Я поспешил отвернуться и закрыл глаза.
Слабо звякнула упавшая на пол цепочка. Я не выдержал и снова открыл глаза. Фрау Бухнер отрешенно глядела перед собой. Ее рука оставалась разжатой. Цепочка с распятием валялась у меня под ногами.
– Ома! – радостно заверещал Ян.
Немка очнулась и заулыбалась, видя, как малыш сам просится к ней на руки.
– Ома!
– Уф-ф! Осторожнее, радость моя, не упади.

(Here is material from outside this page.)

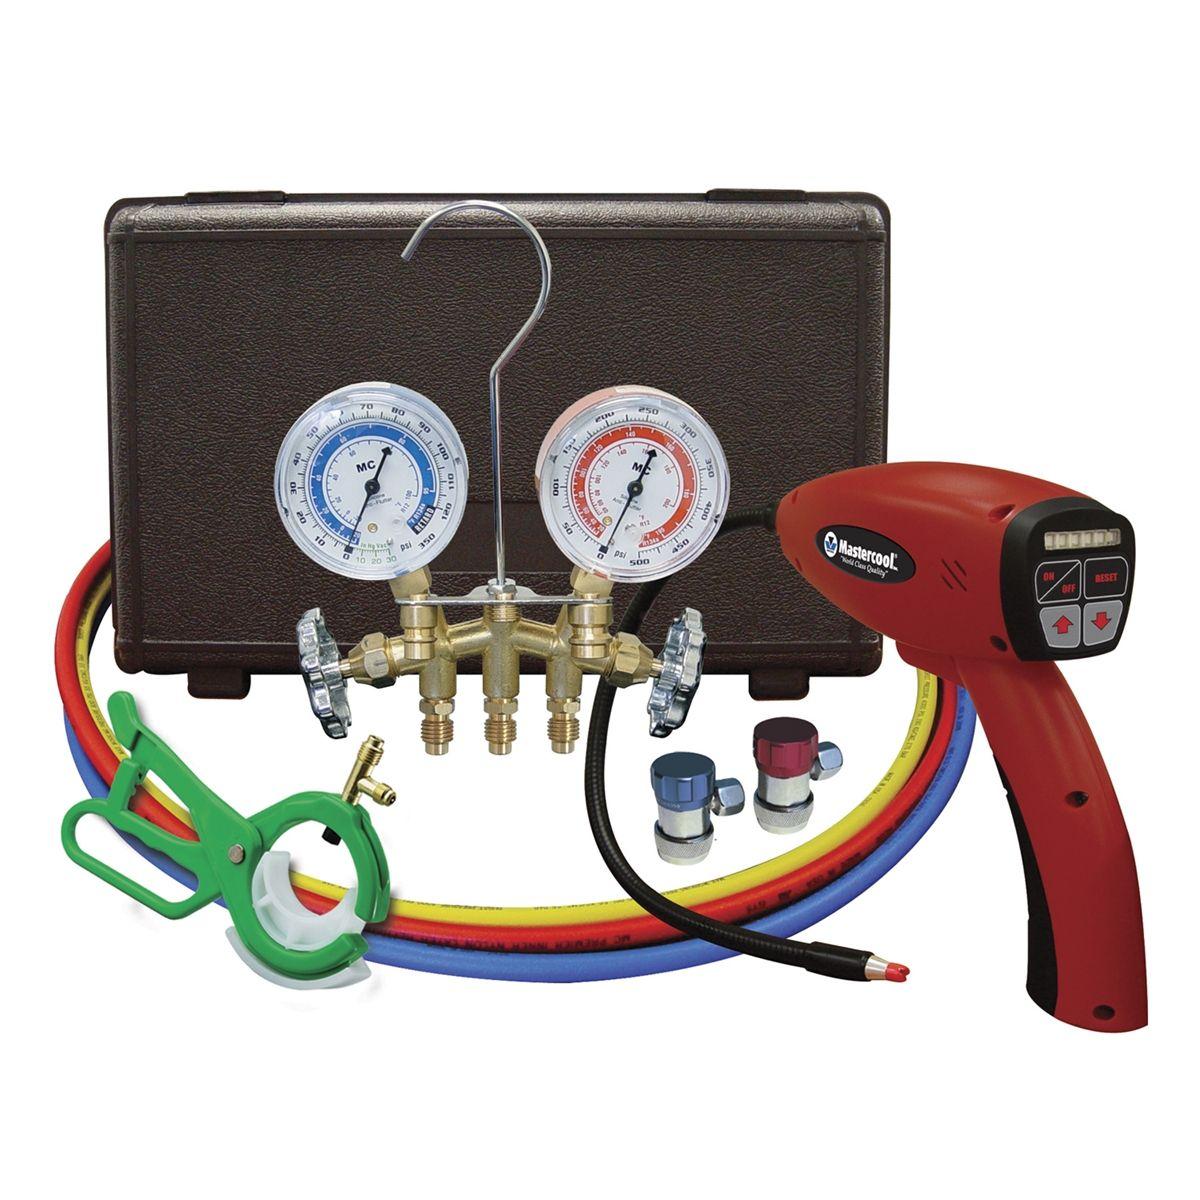 Electronic Auto Gauge Set : Mastercool electronic leak detector with brass gauge set

Фрау Бухнер светилась от счастья, а Ян уже полз по ней, как мартышка по дереву. Он обвил ручонками ее шею и спрятал личико в складках старческой кожи. Фрау Бухнер погладила Яна по спине и обернулась к Жужанне, намереваясь ей что-то сказать. В это мгновение лицо немки сморщилось от боли и она тихо вскрикнула:
– Ай!
Схватив малыша, фрау Бухнер попыталась оторвать его от себя, но в следующую секунду ее руки безжизненно опустились. Взгляд бедной женщины вновь сделался бессмысленным, и она затихла, раскрыв в немом удивлении рот.
Жужанна, привалившись спиной к диванной подушке, наблюдала за этой сценой. Полуопущенные веки слегка подрагивали. Чувствовалось, что она довольна своим «ангелочком». От ужаса я буквально примерз к месту. В купе стало тихо, если не считать стука вагонных колес и чавканья насыщающегося Яна. Его пальчики то хватались за черное шелковое платье фрау Бухнер, то сжимались в кулачки. Совсем как у младенца, сосущего материнское молоко.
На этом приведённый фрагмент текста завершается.